1. 18
  1.  

  2. 2

    Fuzzing will help reduce the amount of bugs, but no amount of fuzzing will actually fix these systems. The trusted computer base is too large.

    There’s going to be bugs in there, ready to cause trouble when least convenient.

    1. 5

      I read the latest whitepaper on seL4 you linked to last time Linux was discussed here a few days ago and perused their website where I was left with the impression - correct me if I’m wrong - that the project has not really left the alpha-stage yet. Furthermore it more or less depends on Linux for ‘real life’ driver support, with ‘minimised’ Linux installations running in user space being used as interface between hardware and protocol drivers. To tie everything together into a usable system a ‘component framework’ is used, the examples in the whitepaper are the verified-but-limited CAmkES and unverified-but-‘more powerful’ Genode. The former seems to be targeted at ‘embedded and cyber-physical systems’, a term which is not explained but what I deem to be more or less the equivalent of the popular ‘internet of things’ (IoT), a generally static environment with limited flexibility. For general purpose computing - say the server cabinet under the stairs here - the unverified ‘Genode’ framework is more applicable (or should that be rephrased as ‘needed’?), thereby throwing out the idea of running a fully verified system. After a single page on performance - ‘we have the fastest IPC of all microkernels, between 2 and 10 times faster than the competition’ the paper ends with a single example (overview really) of an implementation done by a DARPA-funded team at CSIRO et al.

      The seL4 microkernel consists of about 10K lines of code, The set of proofs has by now grown to well over a million lines, most of this manually written and then machine checked (a direct quote from the paper). The initial verification set comprised of about 200K LoC, a factor of 1:20 for SLoC:VLoC. Verifying systems is expensive (in developer time).

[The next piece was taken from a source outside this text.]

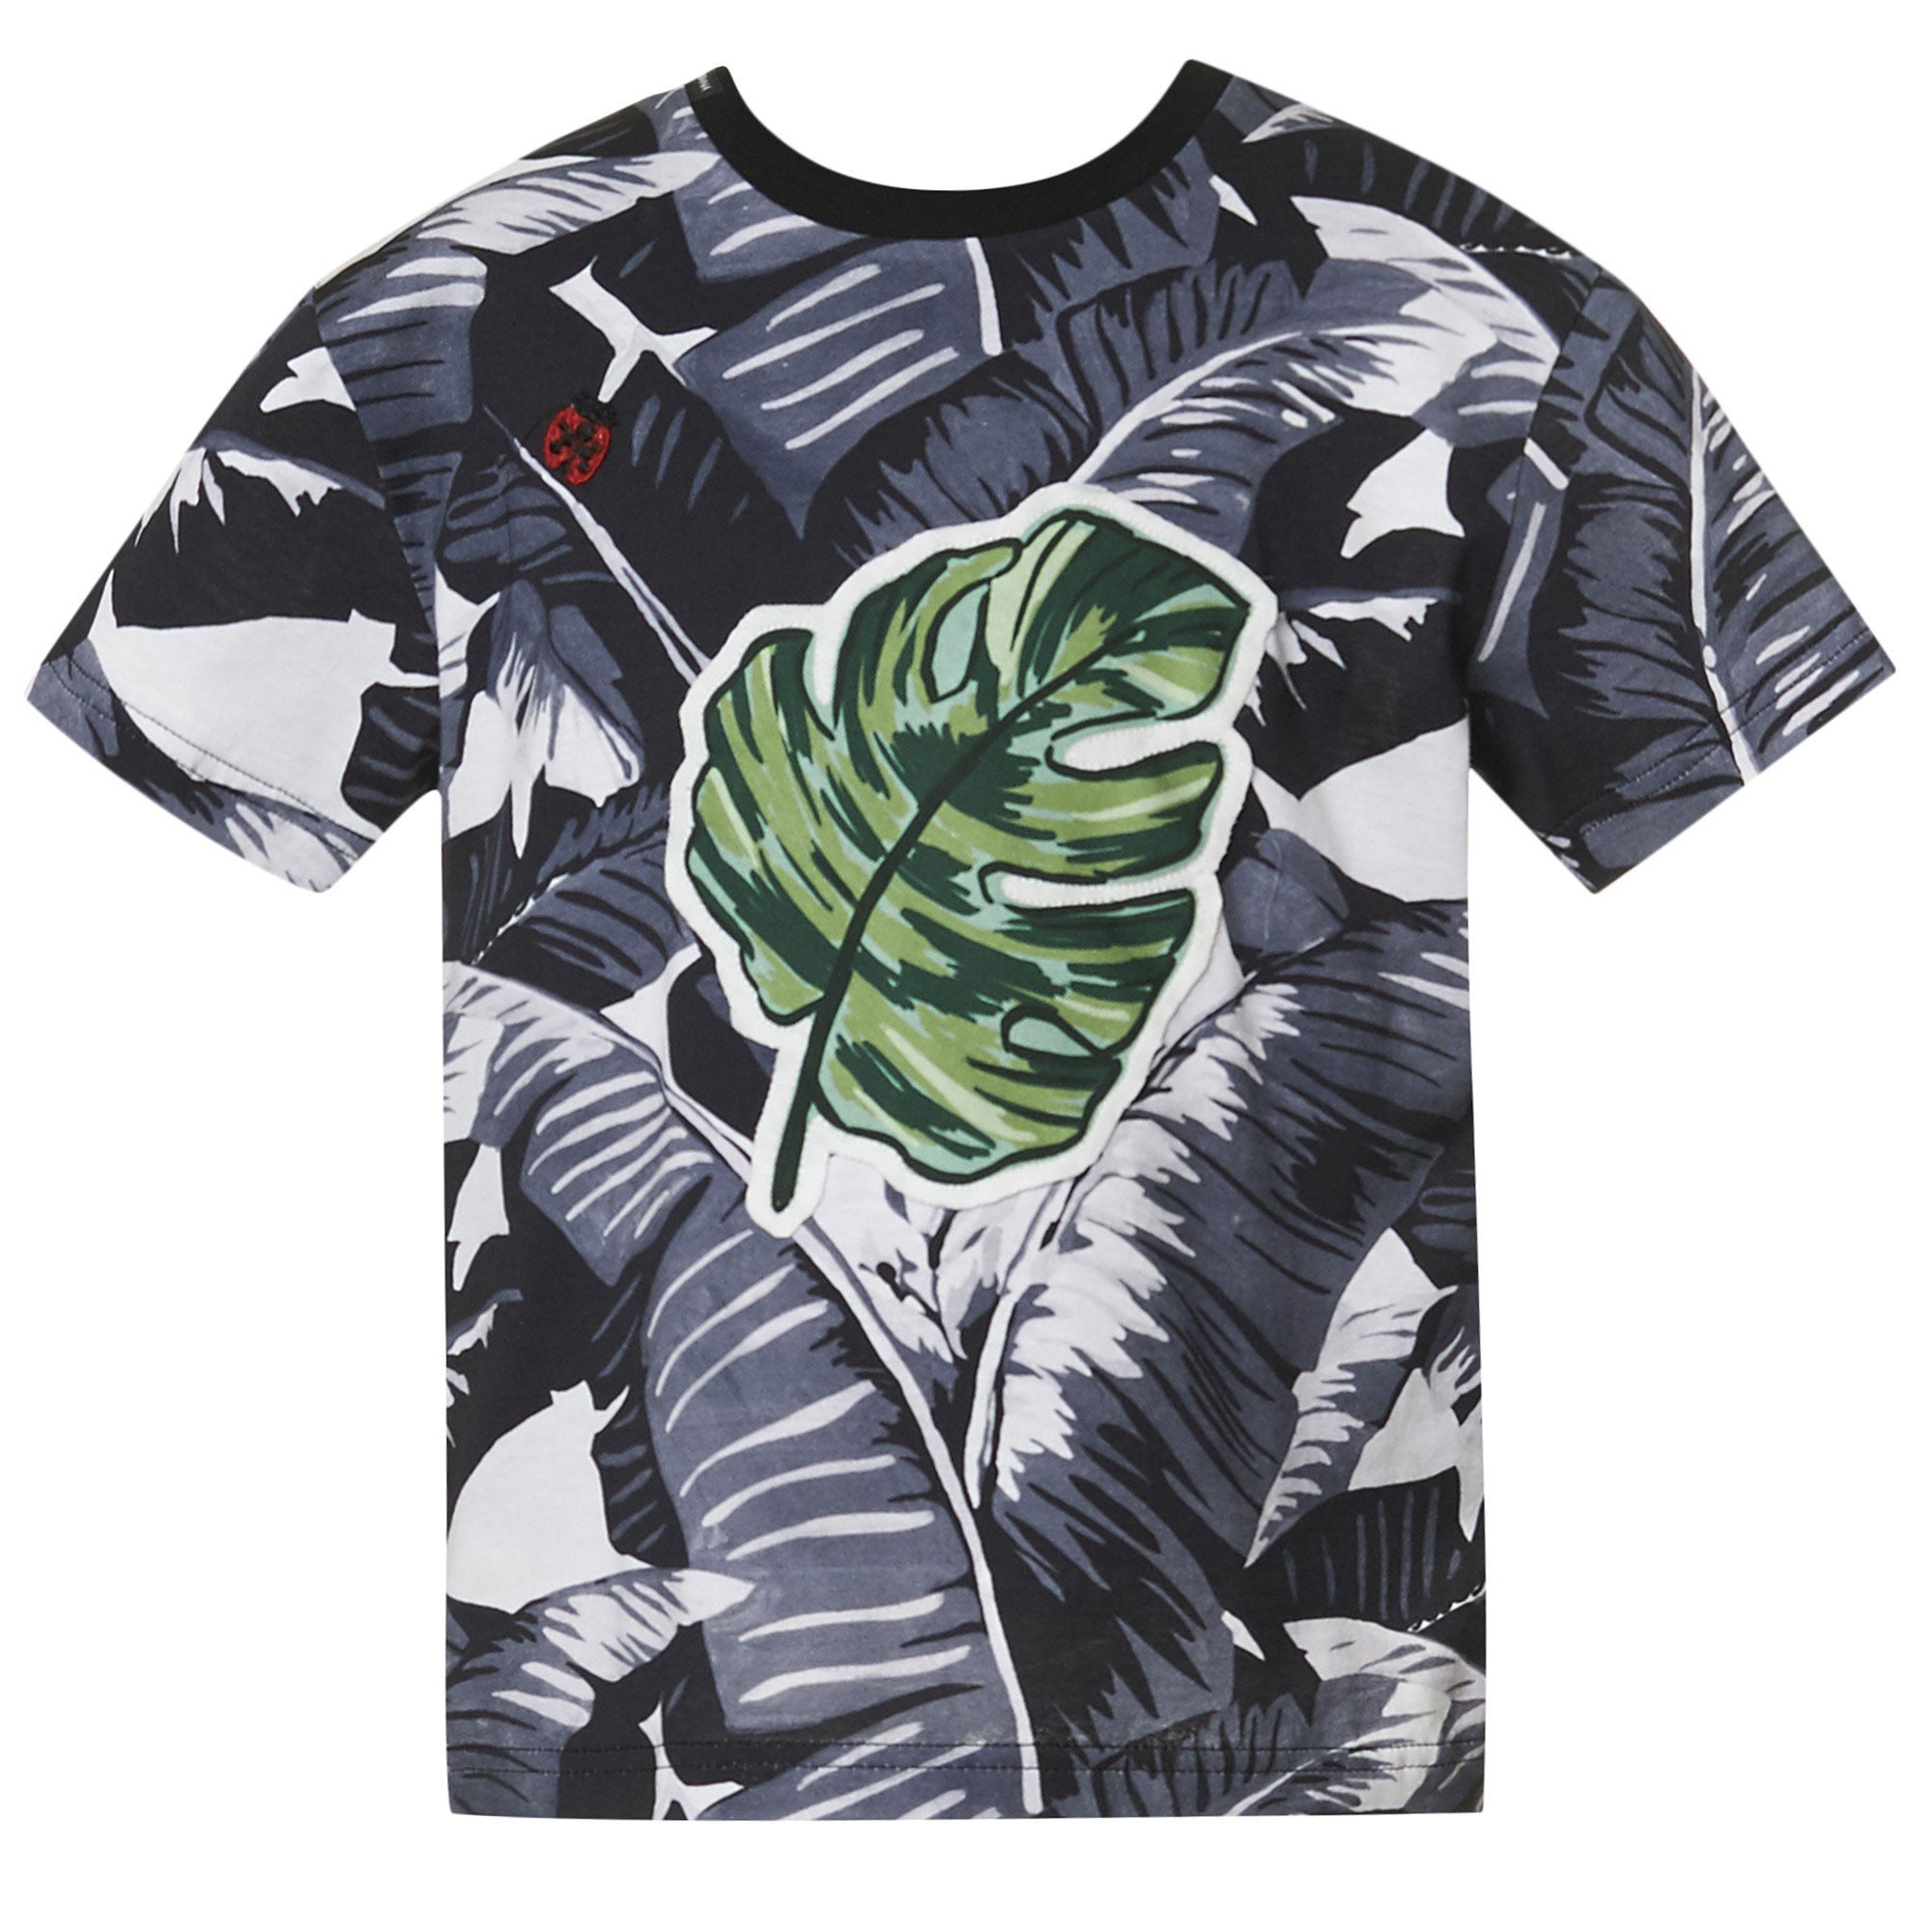 Boys Black Cotton T-Shirt With Leaf Print Trims - CÉMAROSE | Children's Fashion Store - 1

      Where does this leave me in my ideas of using something like seL4 where I’d currently use Linux? Well, I could see it being used for embedded applications since these tend to be statically defined and limited in their scope. Given the data I’ve thus far seen I do not see myself running seL4 for more general purpose computing needs - the server-under-the-stairs application being one of them apart from possibly using it (or something related) as a hypervisor in applications where the host is used to run multiple mutually adversarial guests (to which you might - with some justification - say that all guests are potentially adversarial). It could be used as a basis to develop a VMware ESX or Proxmox VE competitor - now here’s an interesting project for someone looking for ideas. Hardware support is limited (https://docs.sel4.systems/Hardware/) and there is only a single ‘fully verfied’ platform, this being based on ARM A9 - i.e. not a powerhouse. Verification status on X64 is incomplete and explicitly excludes those technologies needed to support virtualisation.

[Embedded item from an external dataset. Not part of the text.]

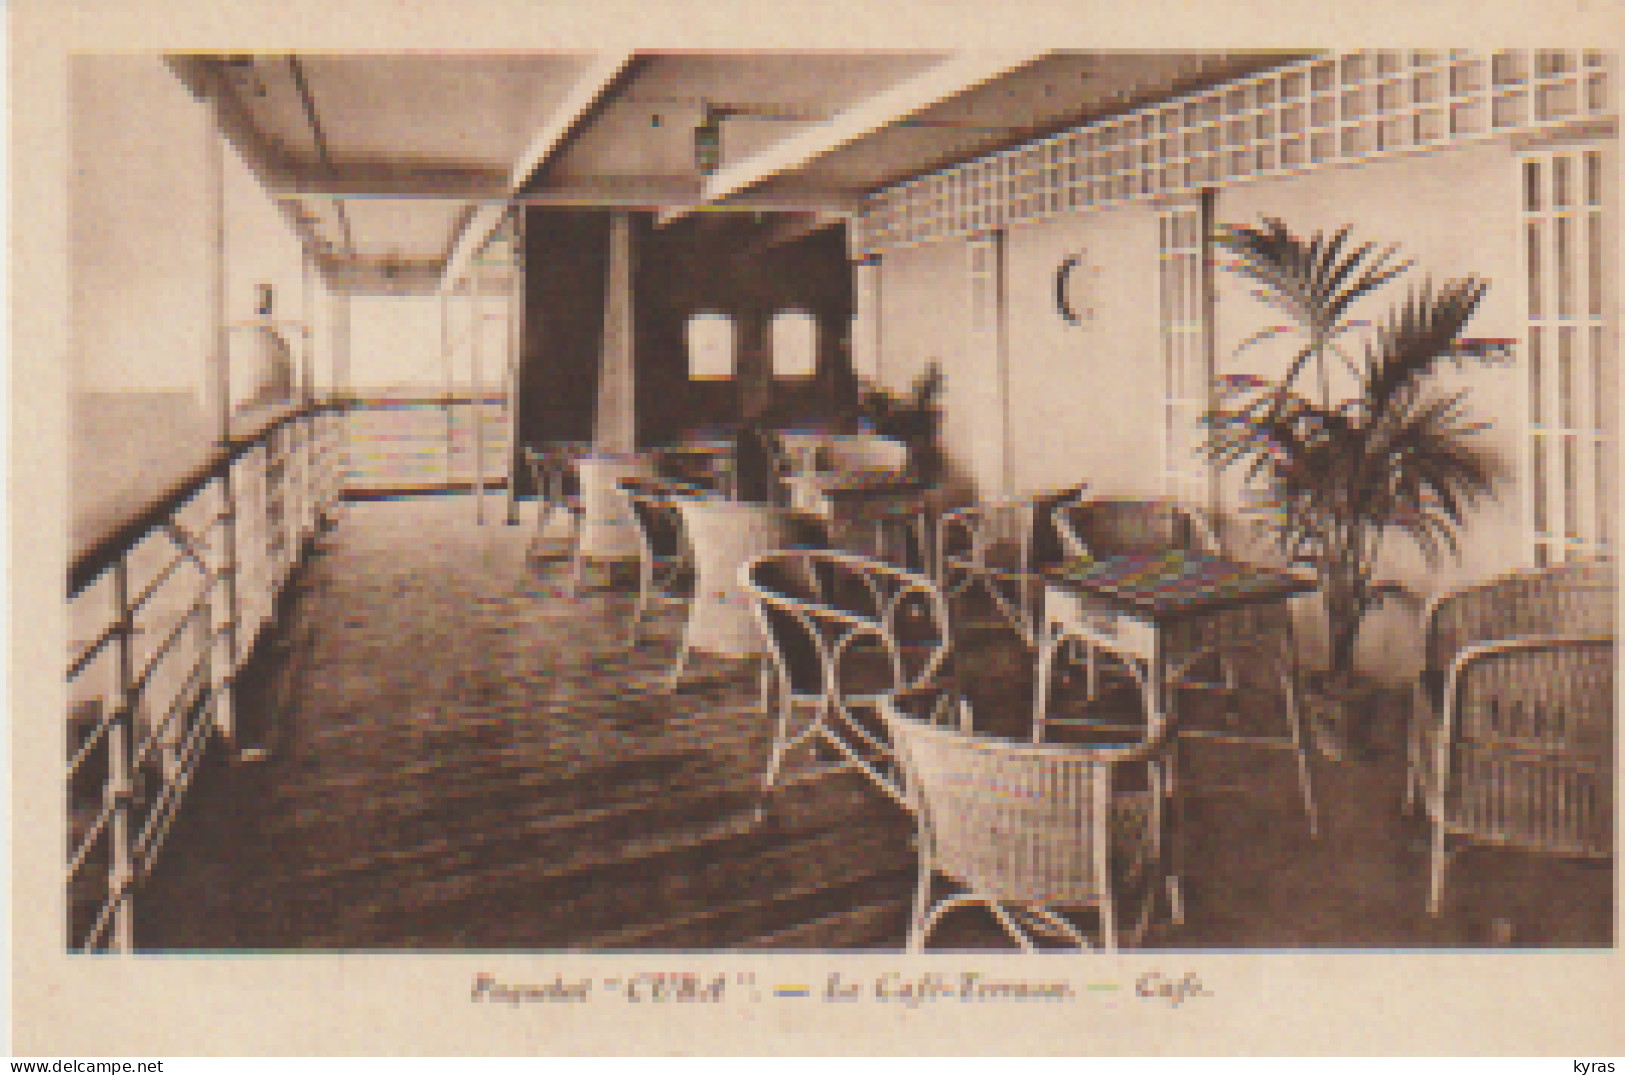 3 Cpa Paquebot " CUBA": 1/ Le Café-terrasse  2/ Fumoir 1ère Classe 3/ Salle à Manger 1ère Classe - Paquebote

      For general purpose computing these systems are just not there yet and the question is whether they will ever be given the current state of development and verification systems. The reason is simple: the development effort spent on verifying the system overshadows the effort spent in designing and building it by a very large margin. While a customer like DARPA might be willing to spend this amount of time and money (the mentioned project ran from 2012 to 2017) this is not true for most customers.

      1. 1

        I was left with the impression - correct me if I’m wrong - that the project has not really left the alpha-stage yet.

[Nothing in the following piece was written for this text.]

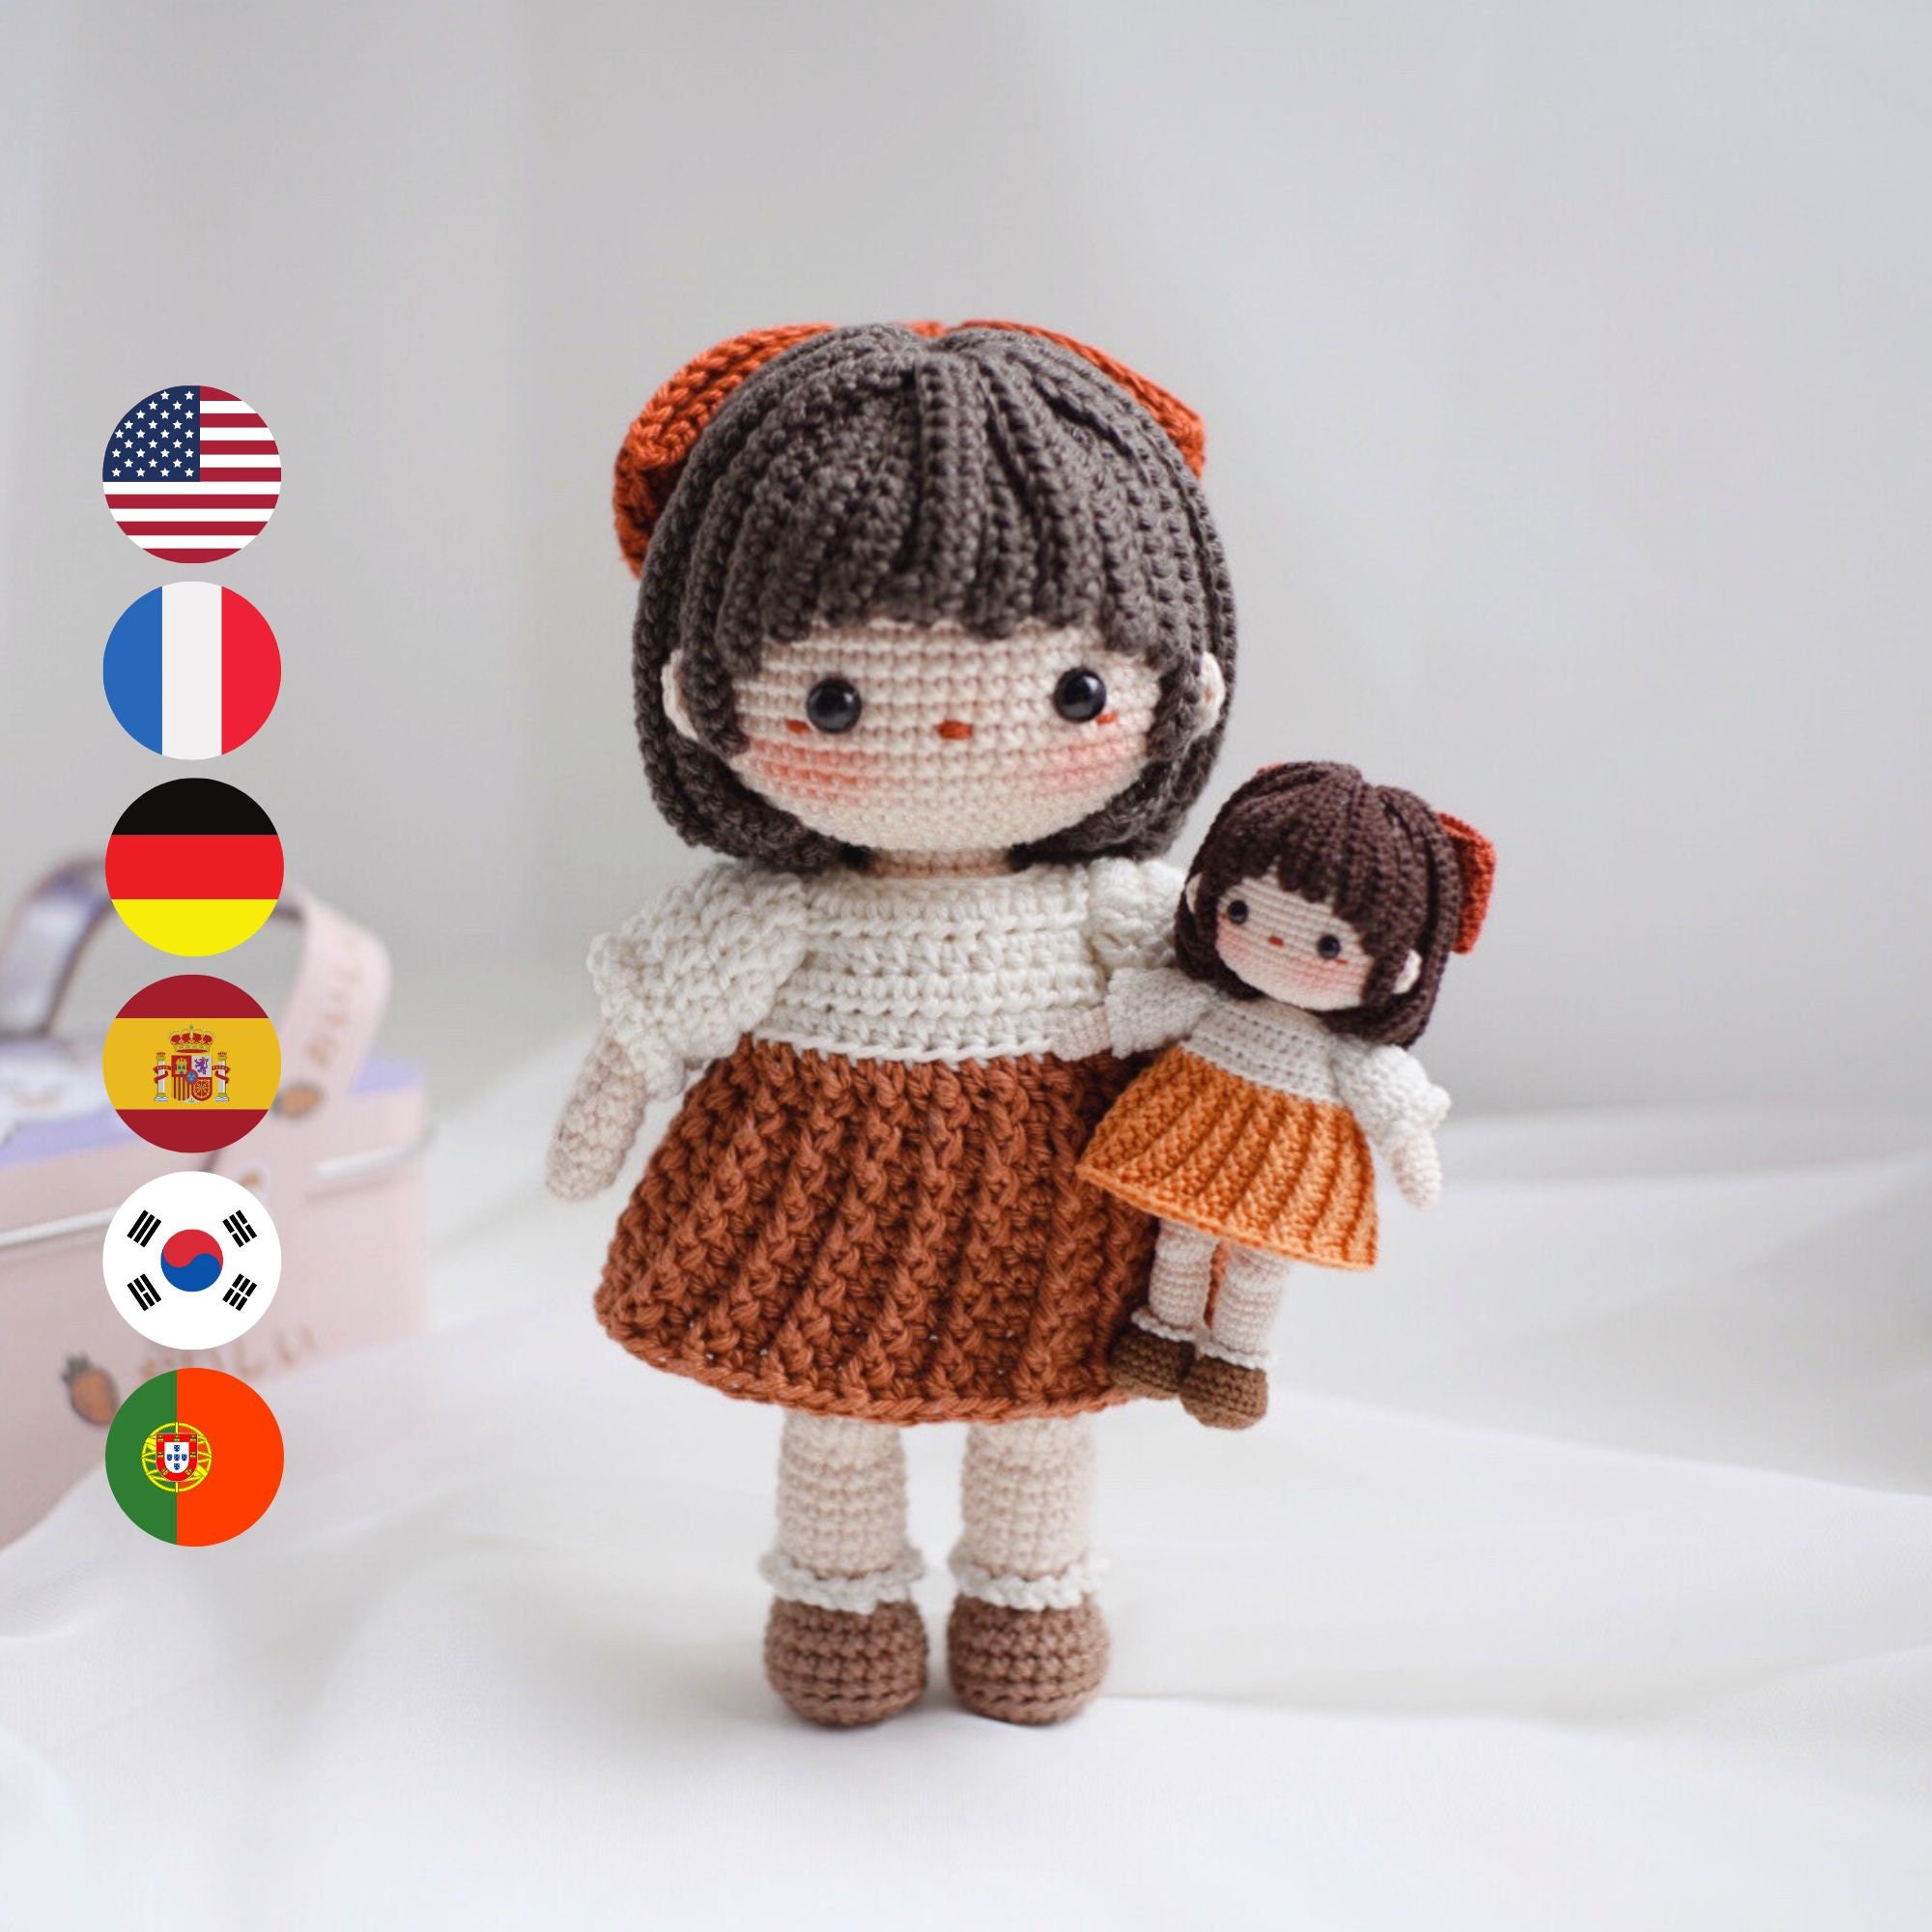 Rosie Amigurumi Doll Pattern

        My impression was the opposite of this. seL4 itself is pretty much a mature product, by the most experienced team on earth on this field and a legacy of a very successful OKL4 preceding it. seL4 provides all the functionality needed to build any kind of system on top of it, along with the proofs to support this functionality.

        Of course, verification seems to lag the latest version by a couple years, but then again nobody else provides the sort of mixed criticality support the latest version of seL4 has; Verified seL4 is always behind, but it is still the state of the art in verified systems.

        I would love to hear about and understand your line of reasoning for considering seL4 pre-alpha despite all this.

        Verifying systems is expensive (in developer time).

        Thus the importance of minimizing the TCB can’t be understated. This is why it is important to have a highly competitive formally verified microkernel.

        It more or less depends on Linux for ‘real life’ driver support.

        While there’s a growing collection of drivers for CAmkES and that is the better approach, since the VMMs that actually handle VM exits/exceptions are per-vm user programs which cannot exceed their capabilities, I see it as a really good clutch, particularly with the help of an IOMMU.

        As the VMM isn’t limited to supporting Linux guests, it is easy to tell Linux is being exploited here: It’s used as an example because it is popular, and “being able to reuse investment in Linux” is helpful for obtaining funding, public and private.

        After all, there’s a positive feedback loop to be found there. Every time seL4 gets used, drivers and component functionality are written, experience is accumulated, seL4 becomes more useful and thus appealing to use and thus is used more and thus more functionality is written, and so on and so on.

        CAmkES / a generally static environment with limited flexibility.

        This is indeed the current state of affairs for CAmkES, as static environments are definitely easier than dynamic ones, and also sufficient for many applications, particularly the sort of applications that most need the assurance seL4 provides. Thus the ones important for commercial interests and funding.

        Genode does very well to demonstrate that dynamic environments are possible, and the language used in the whitepaper suggests CAmkES will, too, eventually get there into the dynamic club. They just have a set of priorities, understand the importance of funding, and know that the commercial interest they can capture at this stage does not require dynamic scenarios.

        possibly using it (or something related) as a hypervisor in applications where the host is used to run multiple mutually adversarial guests (to which you might - with some justification - say that all guests are potentially adversarial). It could be used as a basis to develop a VMware ESX or Proxmox VE competitor - now here’s an interesting project for someone looking for ideas.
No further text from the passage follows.